Другой парень успел выбить мяч прямо перед носом Конана. Тот опустил плечо и сшиб соперника в грязь. Паренек тут же вскочил на ноги и вновь вступил в игру. Он подумал, что еще представится возможность поквитаться с обидчиком. Одежду Конана тоже покрывала грязь, хотя и не так обильно, как у остальных игроков. Чтобы опрокинуть такого здорового верзилу требовалось усилие, по крайней мере, двоих. Сам же он с легкость отшвыривал противников.

Несколько девочек и их родителей стояли в дверях своих домов и наблюдали за состязанием. Иногда мужчины тоже принимали участие в игре. Вот тогда приходилось туго. Конан, пробегая мимо дома Баларга, махнул рукой Тарле. Правда, у него не было времени убедиться, помахала ли девушка в ответ. Но он надеялся, что помахала.

Два подростка возникли между ним и мячом. Один из них, тот, который был ближе, попробовал блокировать проход Конана. Сын кузнеца мог бы обмануть его ложным движением и увернуться от другого. Но вместо этого, он, не снижая скорости, врезался сопернику в грудь. Тот с воплем отлетел в сторону, и Конан продолжил бег.

— Молодец! — выкрикнул кто-то за его спиной.

Был ли это голос Тарлы? По крайней мере, ему так показалось. Но он не обернулся и побежал еще быстрее.

Конан уцепился за мяч с таким азартом, что еще один противник на его пути просто отскочил в сторону, дабы не быть затоптанным. Конан повел мяч вперед ногой. Последний сверстник, стоящий перед целью, которая представляла собой неширокую щель между двумя булыжниками, плюхнулся в уличную грязь. Когда подросток приподнялся, на его лице ясно читалось, что он и не надеялся остановить стремительный прорыв соперника.

И все же, решающего удара не последовало. В тот момент, когда Конан замахнулся ногой, лихой наездник ворвался на улицу Датхила. Его лошадь была столь необычная с виду, что сын кузнеца замер и просто смотрел, раскрыв рот и не веря своим глазам.

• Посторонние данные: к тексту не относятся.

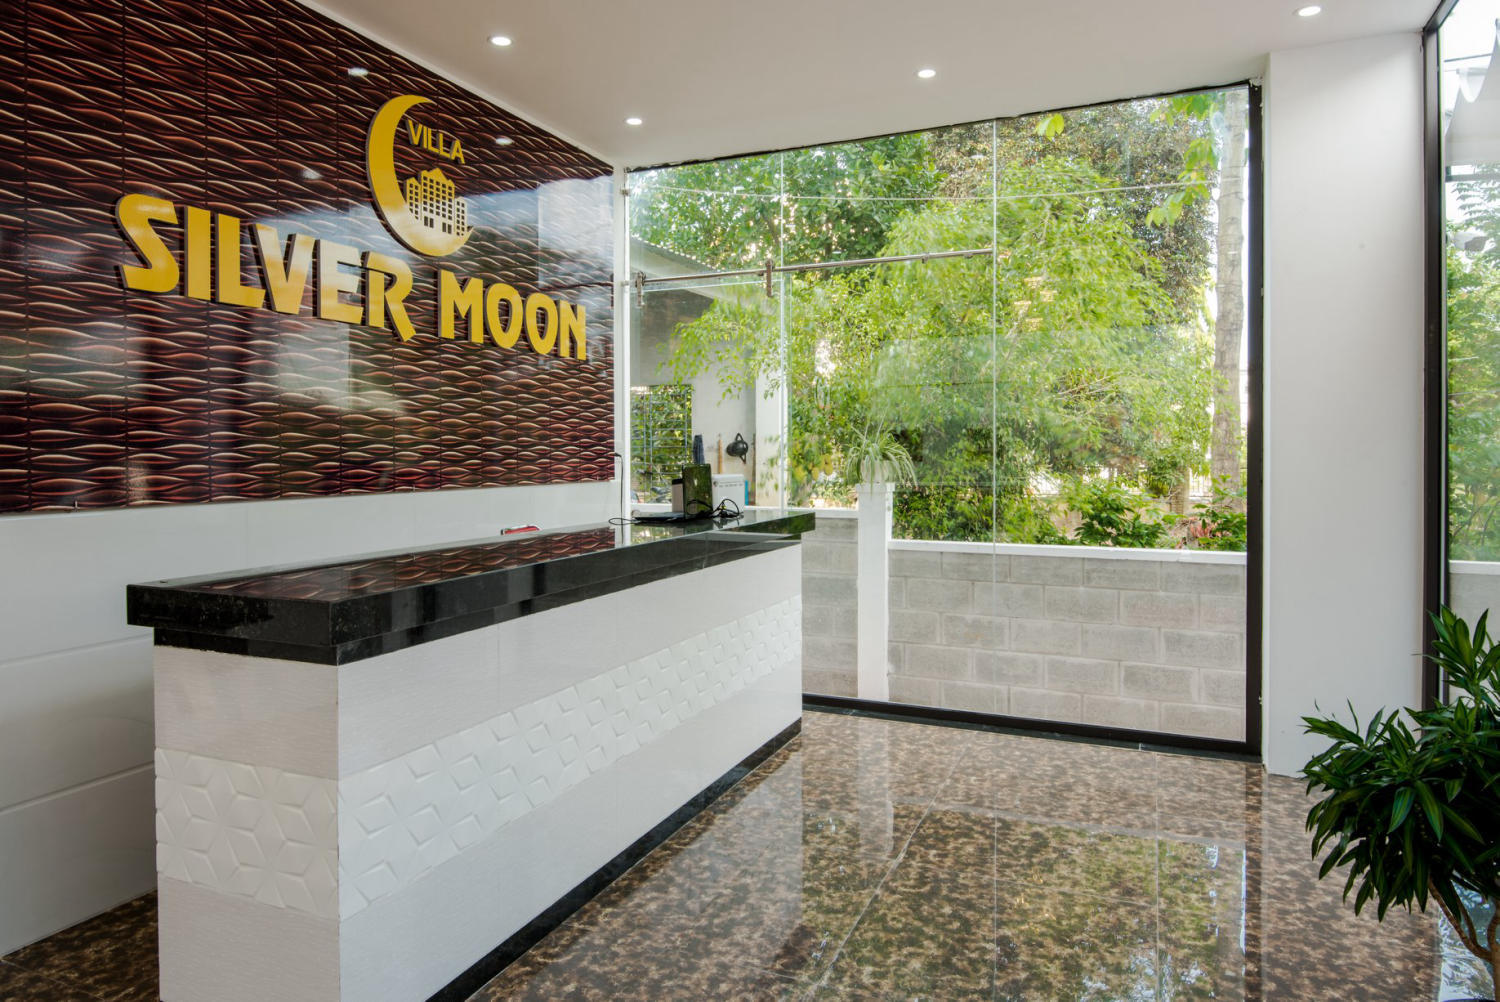 Silver Moon Villa Hoi An - Khách sạn yên bình giữa trung tâm Hội An 2
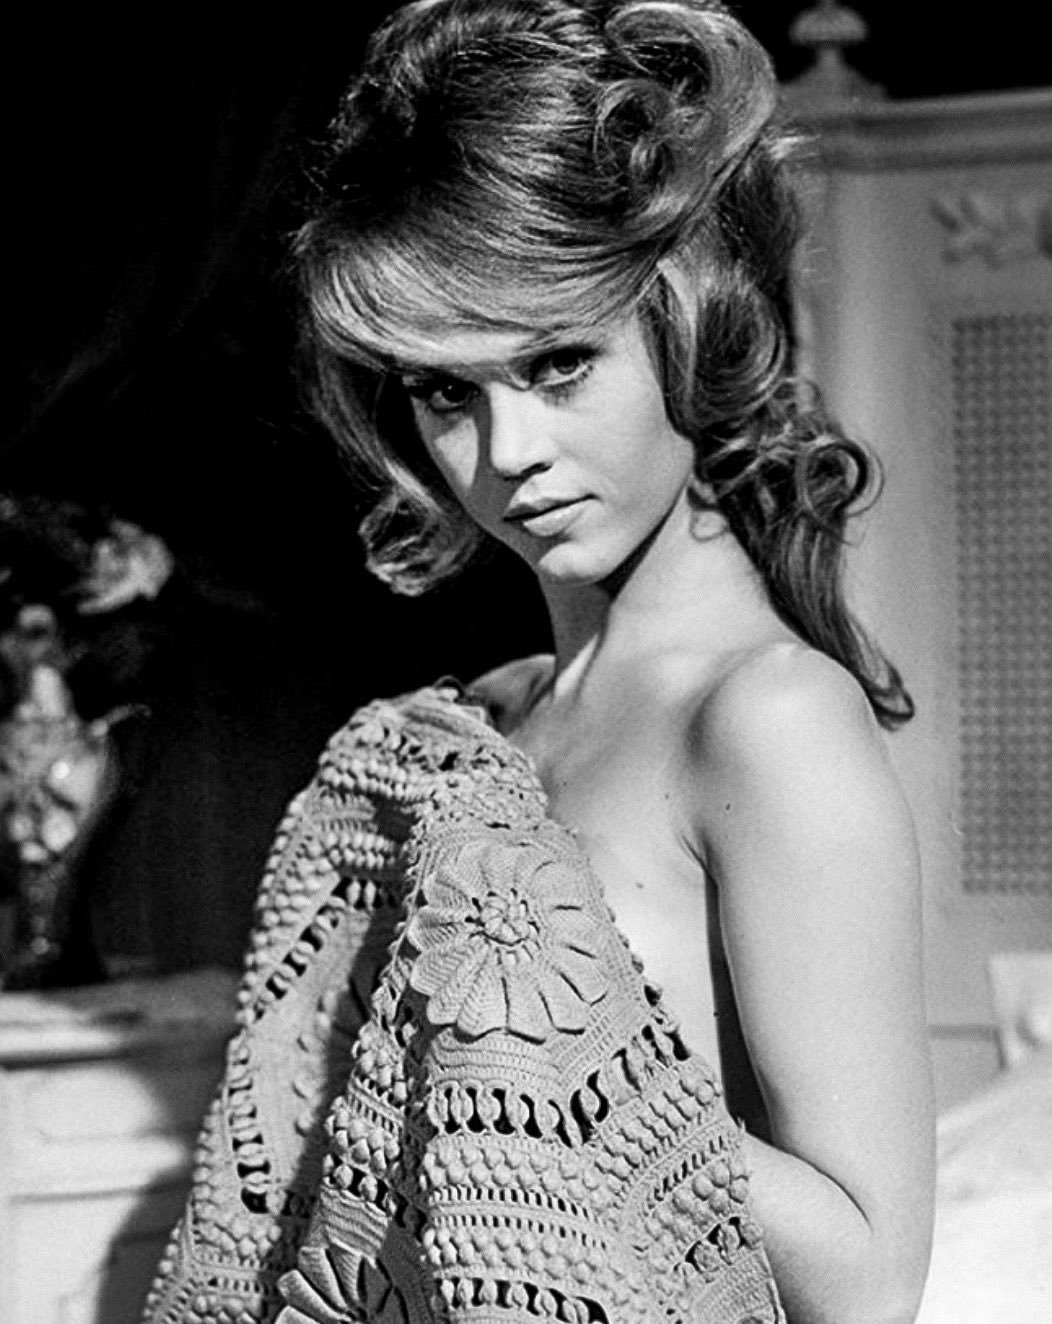 Jane Fonda in a publicity portrait for La Ronde, 1964.

Лошади в Киммерии считались большой редкостью, да и те, немногие, не могли сравниться с этим конем. Огромный фыркающий зверь был в холке почти по плечо взрослому мужчине. И всадник на нем выглядел кем-то наподобие бога, вознесшегося над землей. Наездник смотрел на юношу с высоты, до которой даже его отец вряд ли бы смог дотянуться. Не говоря уж о самом Конане.

Этот аквилонец имел бледное, вытянутое лицо с довольно длинным носом и скошенным подбородком, частично скрытым бородкой. Глаза его располагались слишком близко к переносице.

— Уйди с дороги, мальчик, — сказал он по — киммерийски, поразив этим Конана, и тут же пришпорил коня.

Неожиданность от услышанных слов и угроза быть затоптанным огромным животным, заставили юношу отскочить. Он был абсолютно уверен, что аквилонец, не задумываясь, направил бы коня прямо на него, если б Конан вовремя не освободил проезд. Но даже в этом случае, щеки молодого киммерийца заполыхали от стыда, что пришлось уступить дорогу врагу. Он бросился вслед за рыцарем (именно так называли аквилонских всадников) и заговорил на языке захватчиков:

— Кто — вы? Что делать ты здесь?

Услышав аквилонскую речь, рыцарь осадил коня. Он еще раз посмотрел на Конана. Фактически, это был его первый взгляд, поскольку чуть раньше аквилонец не заострил на юноше внимания.

— Я — граф Стеркус, командующий всех гарнизонов и поселений на территории Киммерии. Я посетил вашу деревню, чтобы узнать, как живется в Датхиле под властью нашего доброго короля Нумедидеса, — ответил он и сделал паузу, чтобы убедиться, понял ли мальчишка.

Конан преуспел достаточно и, видя это, Стеркус спросил:

— А сам-то ты кто и где научился нашему языку?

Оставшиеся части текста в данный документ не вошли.